DATA FOR THE TASK
* * * * * * * * *

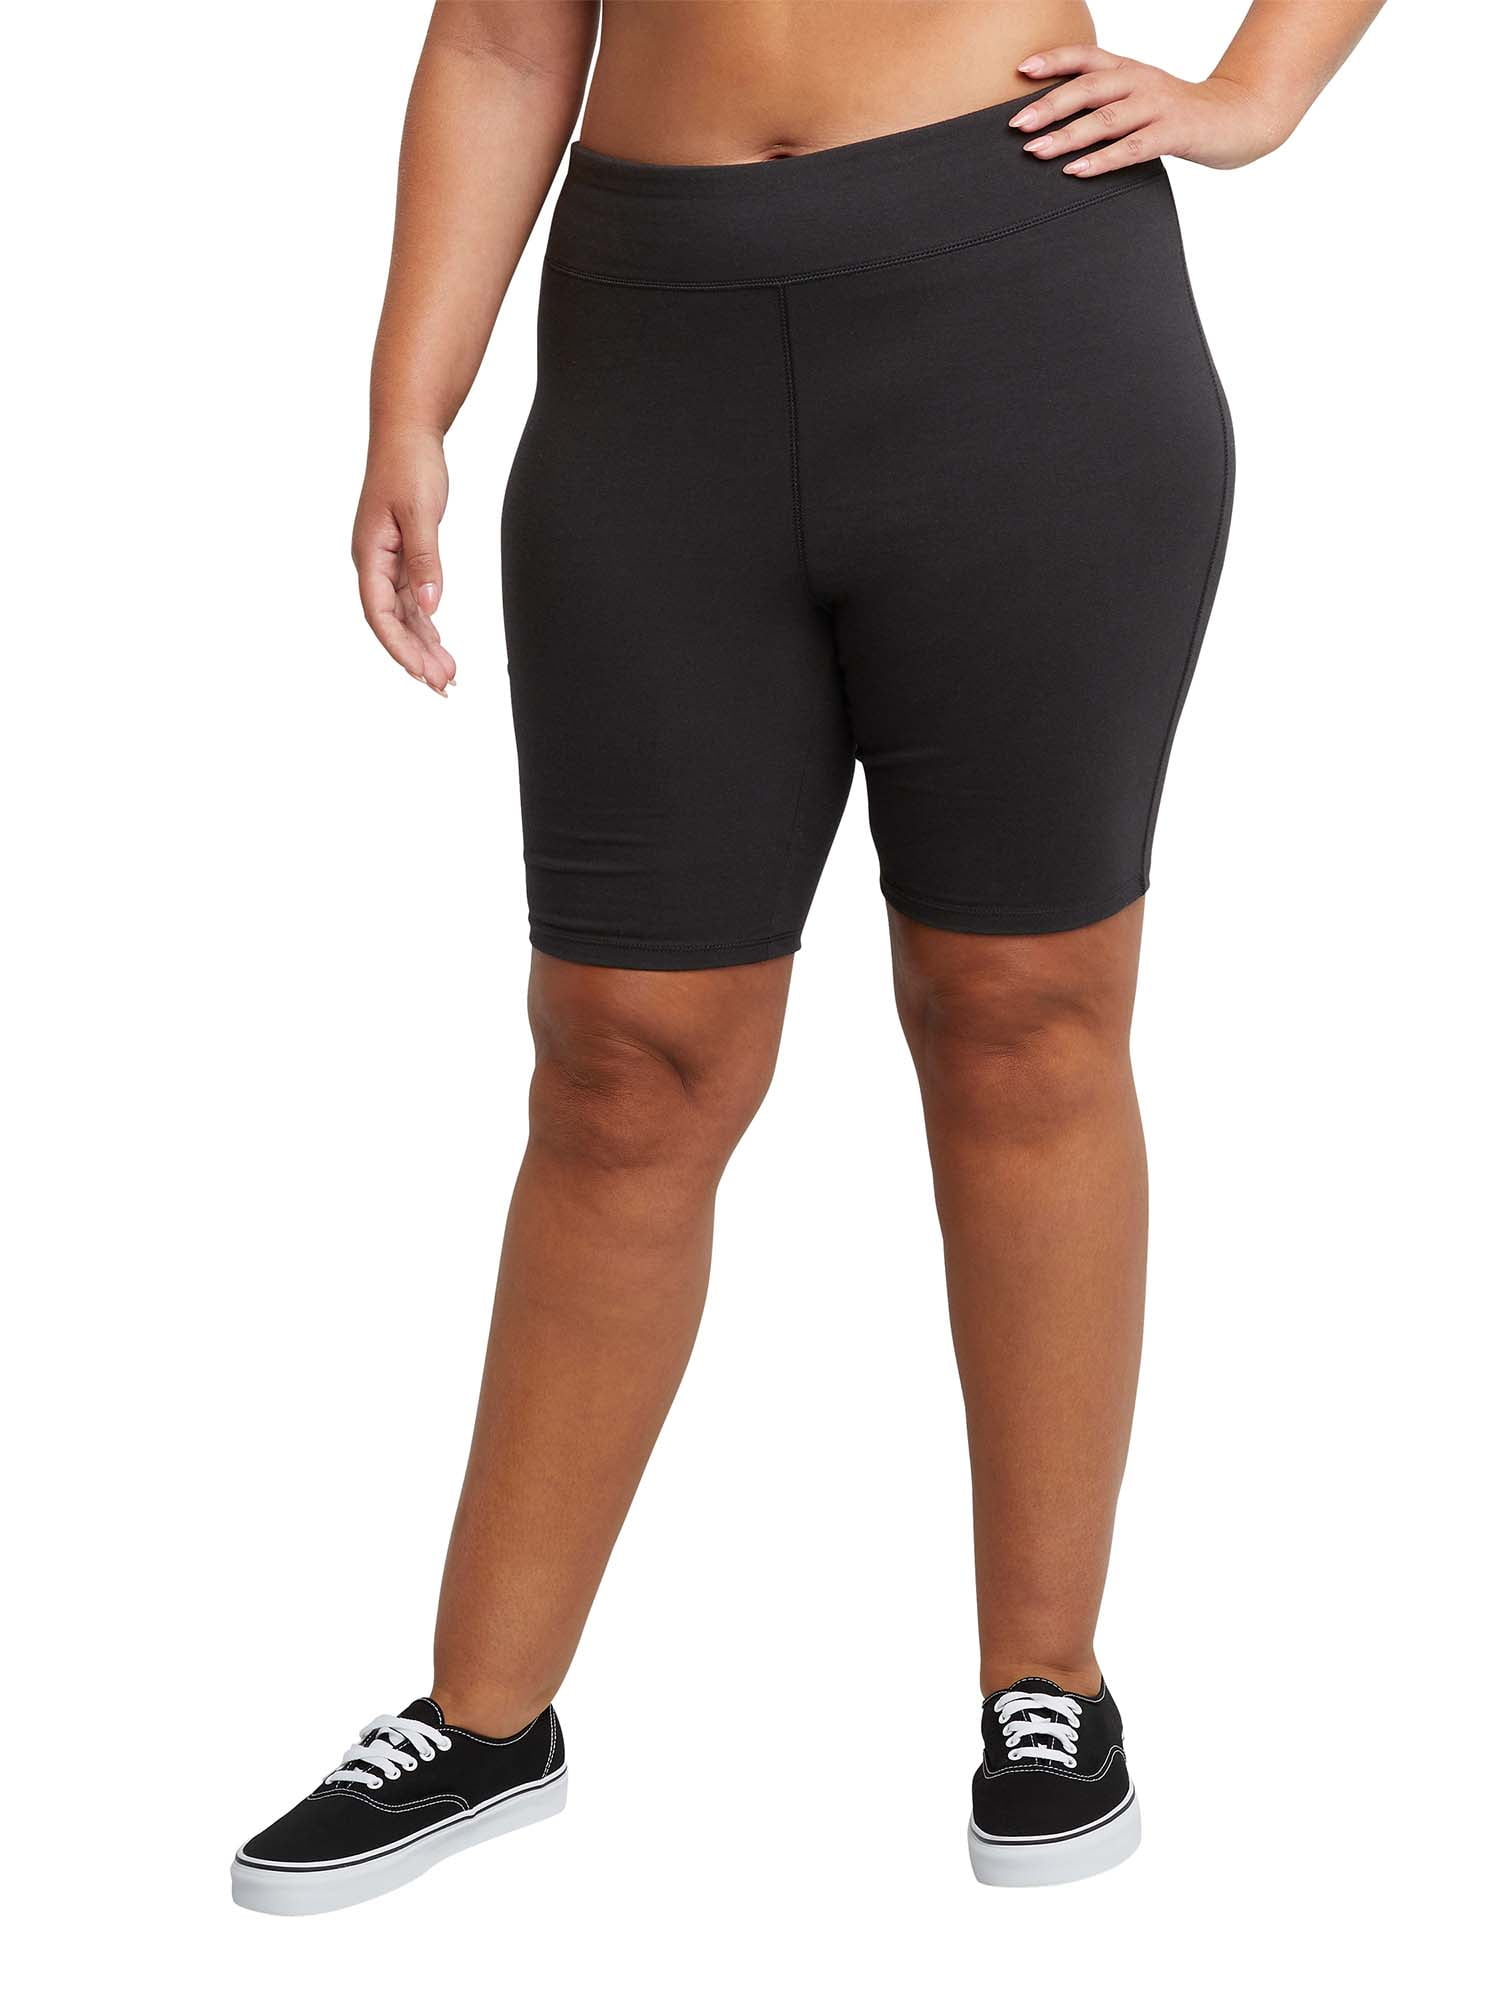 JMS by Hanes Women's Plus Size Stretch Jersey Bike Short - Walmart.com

* * * * * * * * *

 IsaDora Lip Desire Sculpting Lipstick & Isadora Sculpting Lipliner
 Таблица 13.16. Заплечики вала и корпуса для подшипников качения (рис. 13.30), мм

* * * * * * * * *

TASK BRIEF
From the data above, return every line from the line that has "IsaDora Lip Desire" up to and including the line that has "Таблица 13.16. Заплечики", exactly.

RESULT OF THE EXERCISE
 IsaDora Lip Desire Sculpting Lipstick & Isadora Sculpting Lipliner
 Таблица 13.16. Заплечики вала и корпуса для подшипников качения (рис. 13.30), мм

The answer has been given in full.